The NDA is supported by results from the pivotal Phase 3 Lavender study evaluating the efficacy and safety of trofinetide versus placebo in 187 girls and young women aged 5-20 years with Rett syndrome. The study demonstrated a statistically significant improvement over placebo on the co-primary endpoints, the Rett Syndrome Behaviour Questionnaire (RSBQ) total score change from baseline to 12 weeks (p=0.0175; effect size=0.37) and the Clinical Global Impression-Improvement (CGI-I) scale score (p=0.0030; effect size=0.47). The RSBQ is a caregiver assessment of the core symptoms of Rett syndrome, and the CGI-I is a global physician assessment of worsening or improving of Rett syndrome. In addition, the study also met its key secondary endpoint, the Communication and Symbolic Behavior Scales Developmental Profile™ Infant-Toddler Checklist–Social Composite Score (CSBS-DP-IT–Social) change from baseline to week 12 (p=0.0064; effect size=0.43), a caregiver assessment of ability to communicate.

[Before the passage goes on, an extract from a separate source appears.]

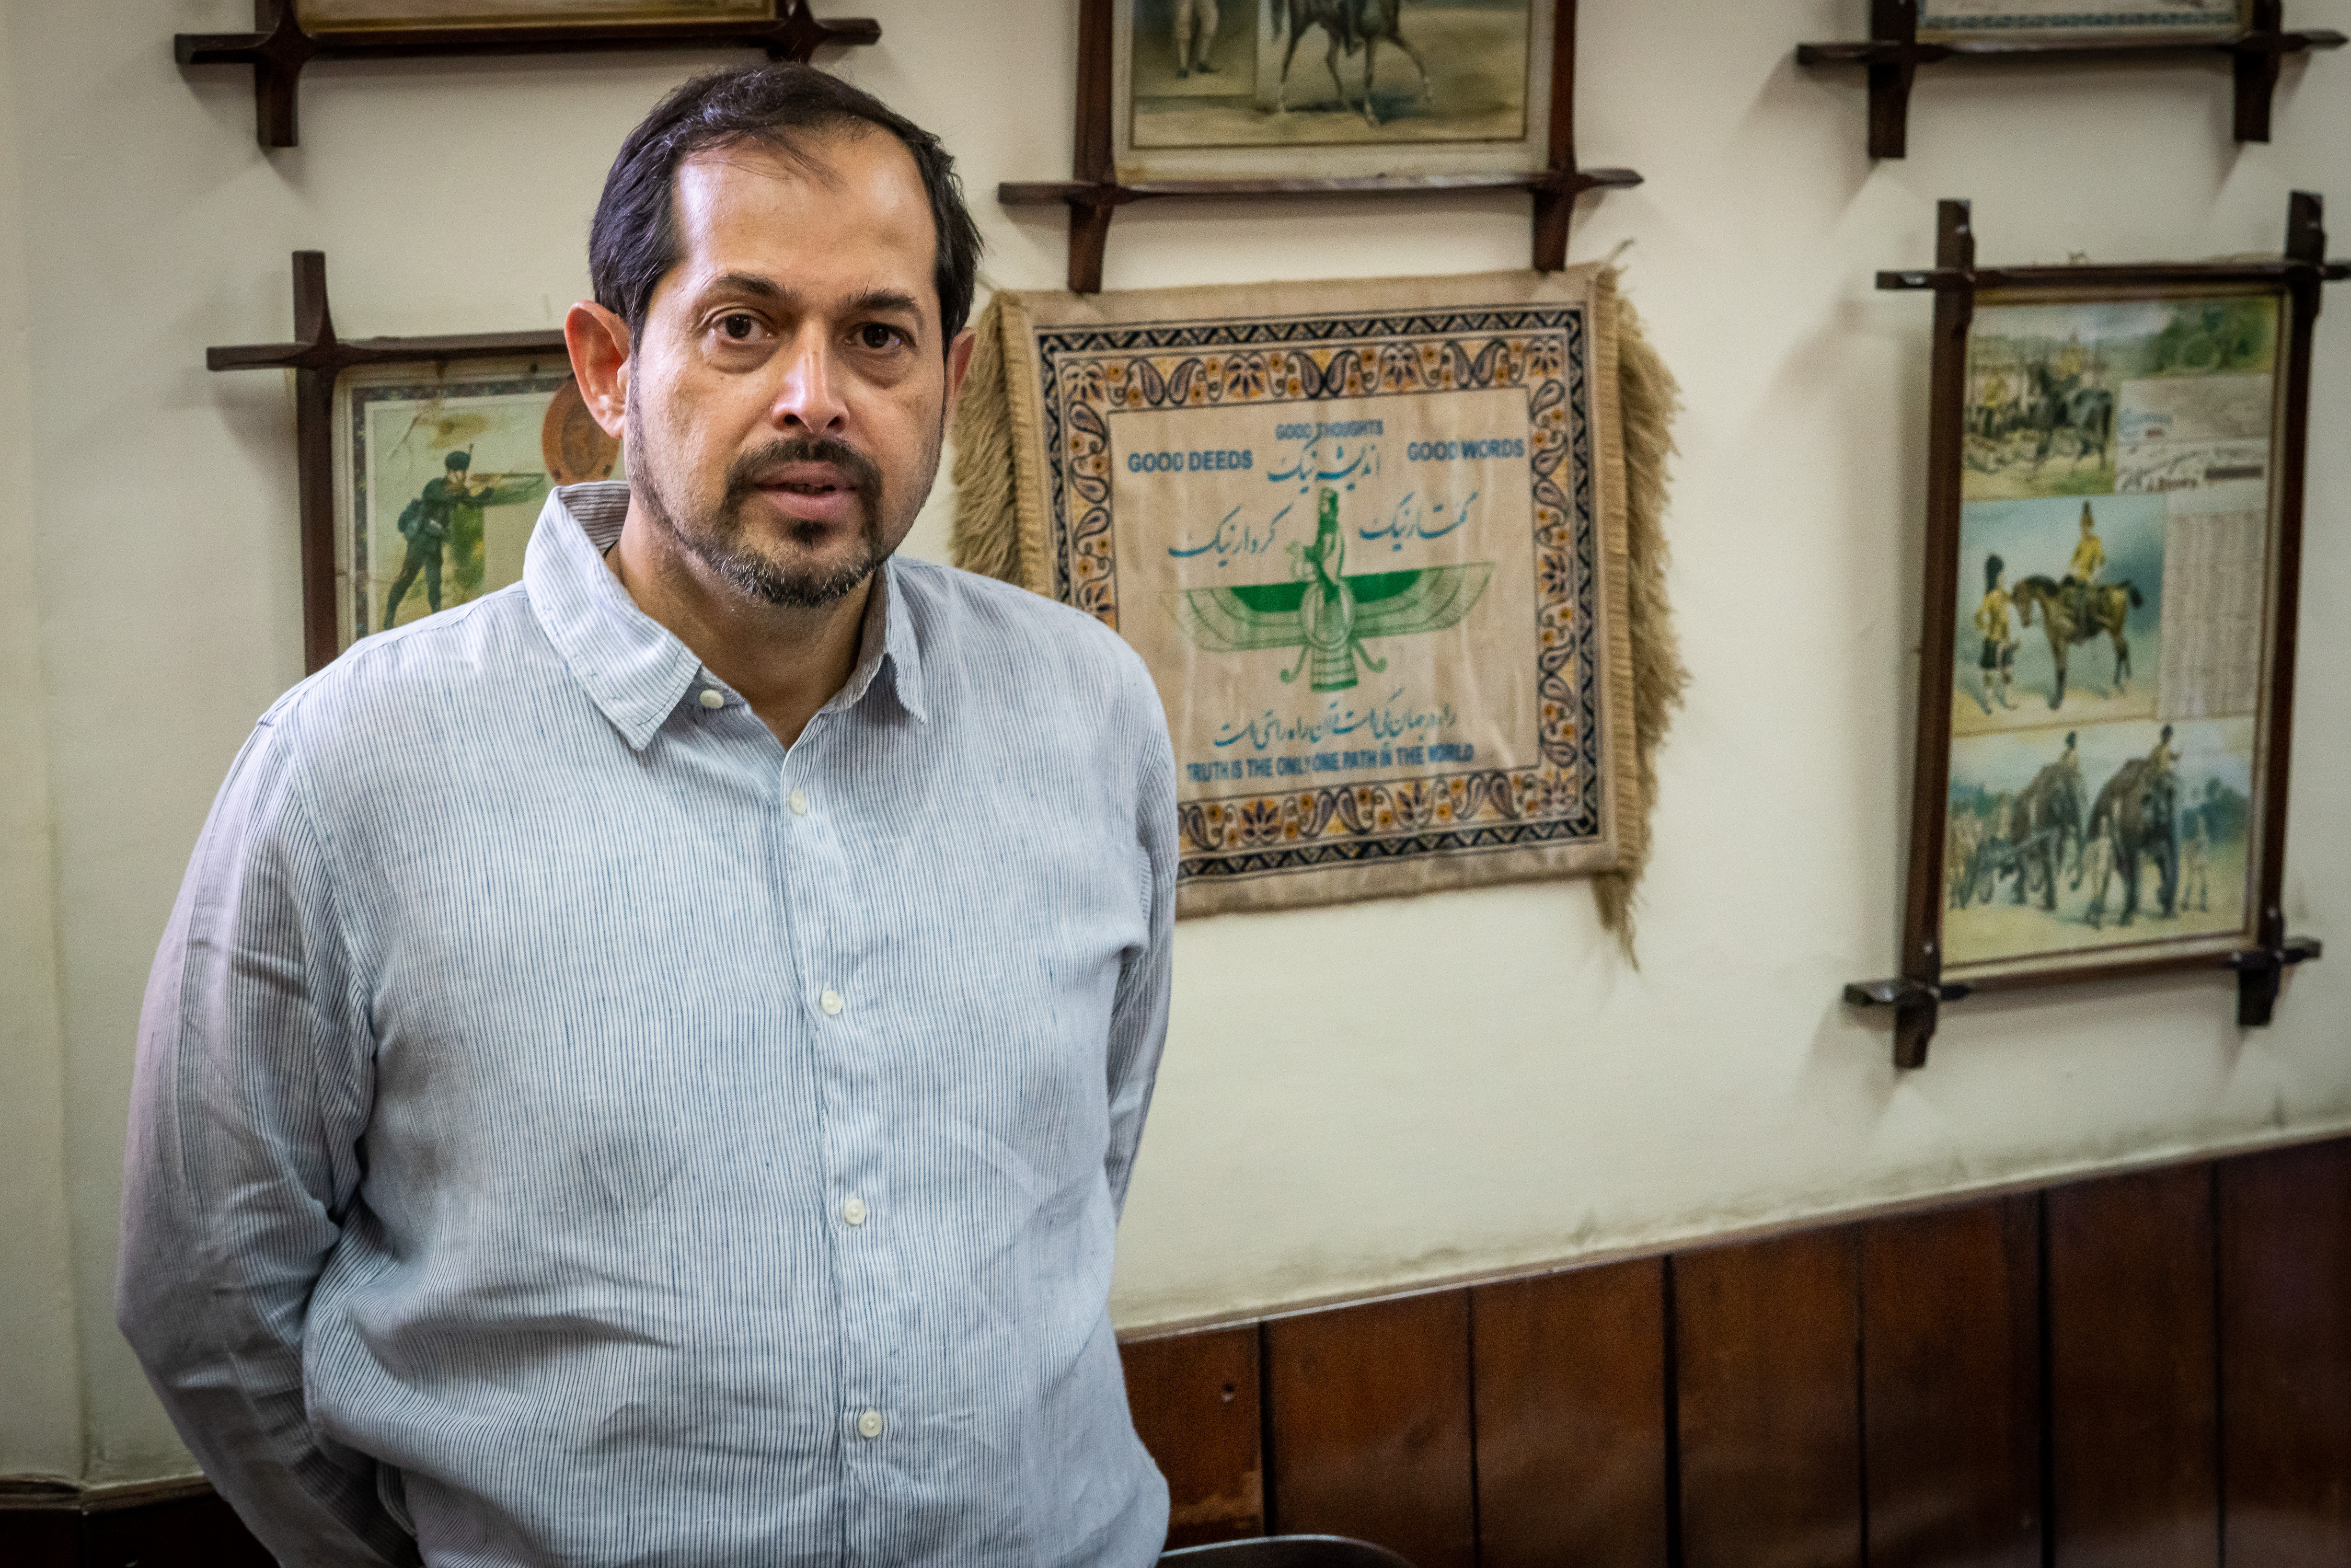 مدير مصنع بيرة مري، إسفنيار م. بهاندارا، ينتمي إلى أقلية البارسيين غير المسلمة في باكستان.  Foto: Philipp Breu

In 2018, Acadia entered into an exclusive license agreement with Neuren Pharmaceuticals Limited (ASX: NEU) for the development and commercialization of trofinetide for the treatment of Rett syndrome and other indications in North America. In addition to receiving priority review by the FDA, trofinetide has been granted Fast Track Status and Orphan Drug Designation for the treatment of Rett syndrome in the U.S. and has been granted Rare Pediatric Disease (RPD) designation by the FDA. Upon FDA approval of a product with RPD designation, the sponsor can receive a Priority Review Voucher, which can be used to obtain priority review for a subsequent application.